The issues that I am concerned with include:
  • How do we, as practitioners, provide a safe therapeutic space for all clients, without litmus tests for belief?
  • How do we, as educators, provide a safe learning space for all students, without litmus tests for belief?
  • What are the commitments to principles that we, as an evolving profession, wish to make, and what are the impacts of those commitments on collaboration and communication with other potential partners on the healthcare team?
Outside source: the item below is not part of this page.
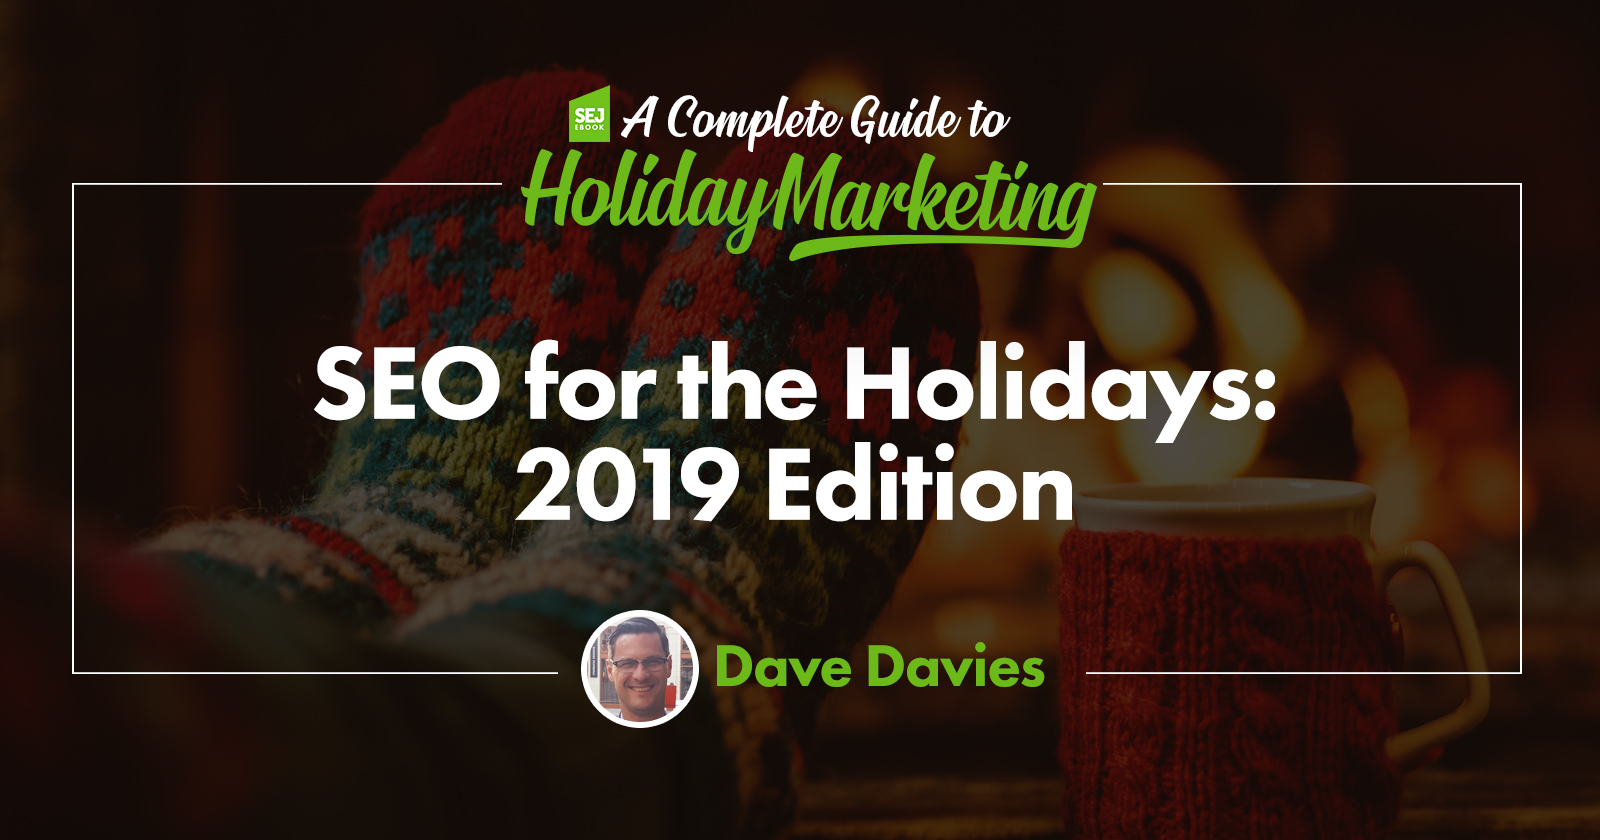 Featured Image - Holiday Marketing Guide - Announcement

I applaud Fritz for putting herself out there to engage on the issues, and for advocating for her point of view honestly and frankly. As I said previously, she has given these issues a great deal of thought, and she deserves a thoughtful and engaged response.
I see these issues of vitalism, dualism, and belief (for the profession as a whole, not for individuals' consciences) as a fault line along which massage is likely to split.
There are three outcomes that I can imagine coming out of this; there may be others that I have not thought of.
  1. We come to a working arrangement with a code of ethics that practitioners of all specialties can commit to working under, one which does not require forcing any particular belief or set of beliefs on students or clients;
  2. We agree that such a working arrangement cannot be reached, and the profession splits under mutual agreement into different areas of practice that commit to varying degrees of belief in vitalism/dualism;
  3. We do nothing, and the profession splits in an uncontrolled way along that fault line, with unpredictable fallout from that split.
We need to have this discussion out in the open, as professionals, in order to decide what we want to do about these fault lines, or else history is going to decide it for us
.http://poem-massage.org/content/response-fritz-blog-post-energy-based-methods#comment-524

2 comments:

  1. It is a joy to discuss such important matters with you in such a professional way, and I thank you for it, Sandy.

    I look forward to continuing the discussion, and I appreciate your starting it.

    As to what you said: "We all have a story with many chapters. How we turn the pages of our life influence the quality of the journey."

    That is both wise and beautifully stated. If it is all right with you, I would like to add it to the Inspiring Quotations section at POEM.

    --Ravensara, aka thalarctos

    ReplyDelete
  2. Absolutely you can post the quote. I hope others weigh in on the discussion as well.